1.9: Exercises

Last updated
Save as PDF

Page ID: 19587

$191.jpg$
Contributed by Ken Kuttler
Professor (Mathematics) at Brigham Young University
Publisher: Lyryx

$ \newcommand{\vecs}[1]{\overset { \scriptstyle \rightharpoonup} {\mathbf{#1}} } $ $ \newcommand{\vecd}[1]{\overset{-\!-\!\rightharpoonup}{\vphantom{a}\smash {#1}}} $$\newcommand{\id}{\mathrm{id}}$ $ \newcommand{\Span}{\mathrm{span}}$ $ \newcommand{\kernel}{\mathrm{null}\,}$ $ \newcommand{\range}{\mathrm{range}\,}$ $ \newcommand{\RealPart}{\mathrm{Re}}$ $ \newcommand{\ImaginaryPart}{\mathrm{Im}}$ $ \newcommand{\Argument}{\mathrm{Arg}}$ $ \newcommand{\norm}[1]{\| #1 \|}$ $ \newcommand{\inner}[2]{\langle #1, #2 \rangle}$ $ \newcommand{\Span}{\mathrm{span}}$ $\newcommand{\id}{\mathrm{id}}$ $ \newcommand{\Span}{\mathrm{span}}$ $ \newcommand{\kernel}{\mathrm{null}\,}$ $ \newcommand{\range}{\mathrm{range}\,}$ $ \newcommand{\RealPart}{\mathrm{Re}}$ $ \newcommand{\ImaginaryPart}{\mathrm{Im}}$ $ \newcommand{\Argument}{\mathrm{Arg}}$ $ \newcommand{\norm}[1]{\| #1 \|}$ $ \newcommand{\inner}[2]{\langle #1, #2 \rangle}$ $ \newcommand{\Span}{\mathrm{span}}$

Exercise $\PageIndex{1}$

Graphically, find the point $\left( x_{1},y_{1}\right)$ which lies on both lines, $x+3y=1$ and $4x-y=3.$ That is, graph each line and see where they intersect.

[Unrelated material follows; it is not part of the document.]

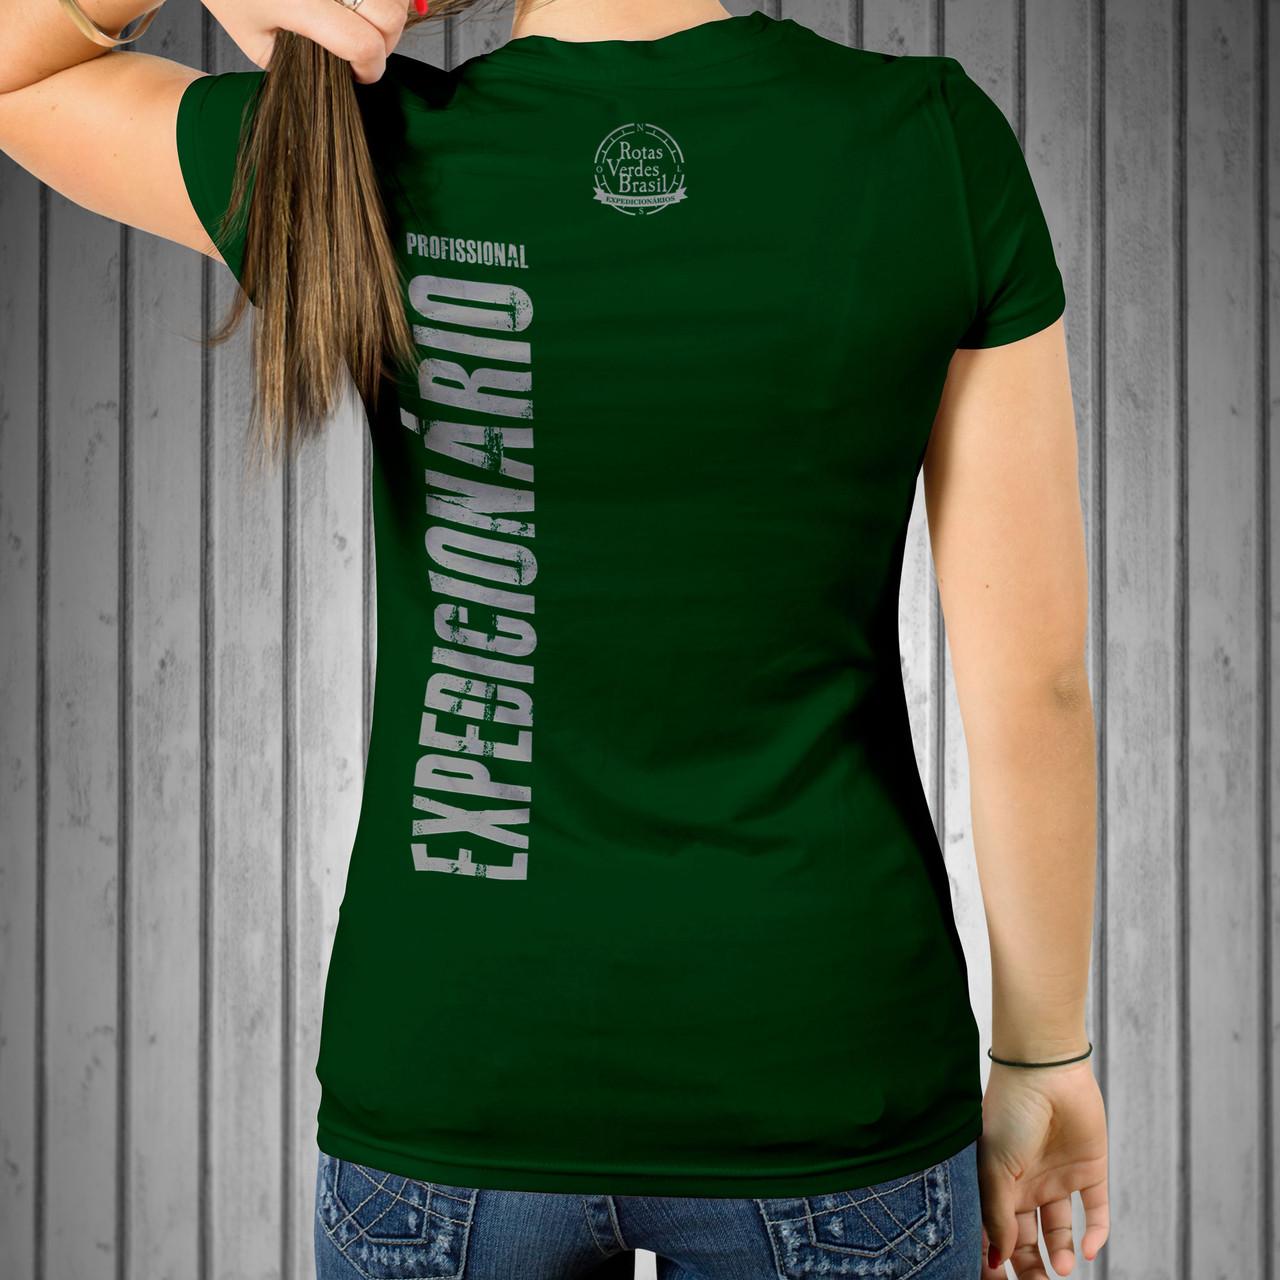 Female-Tshirt-Mockup-Back_verde (1)

Answer: $\begin{array}{c} x+3y=1 \\ 4x-y=3 \end{array}$, Solution is: $\left[ x=\frac{10}{13},y=\frac{1}{13}\right]$.

Exercise $\PageIndex{2}$

Graphically, find the point of intersection of the two lines $3x+y=3$ and $x+2y=1.$ That is, graph each line and see where they intersect.

Answer: $\begin{array}{c} 3x+y=3 \\ x+2y=1 \end{array}$, Solution is: $\left[ x=1,y=0\right]$

Exercise $\PageIndex{3}$

You have a system of $k$ equations in two variables, $k\geq 2$. Explain the geometric significance of

No solution.
A unique solution.
An infinite number of solutions.

Exercise $\PageIndex{4}$

Consider the following augmented matrix in which $\ast$ denotes an arbitrary number and $\blacksquare$ denotes a nonzero number. Determine whether the given augmented matrix is consistent. If consistent, is the solution unique? \[\left[ \begin{array}{ccccc|c} \blacksquare & \ast & \ast & \ast & \ast & \ast \\ 0 & \blacksquare & \ast & \ast & 0 & \ast \\ 0 & 0 & \blacksquare & \ast & \ast & \ast \\ 0 & 0 & 0 & 0 & \blacksquare & \ast \end{array} \right]\]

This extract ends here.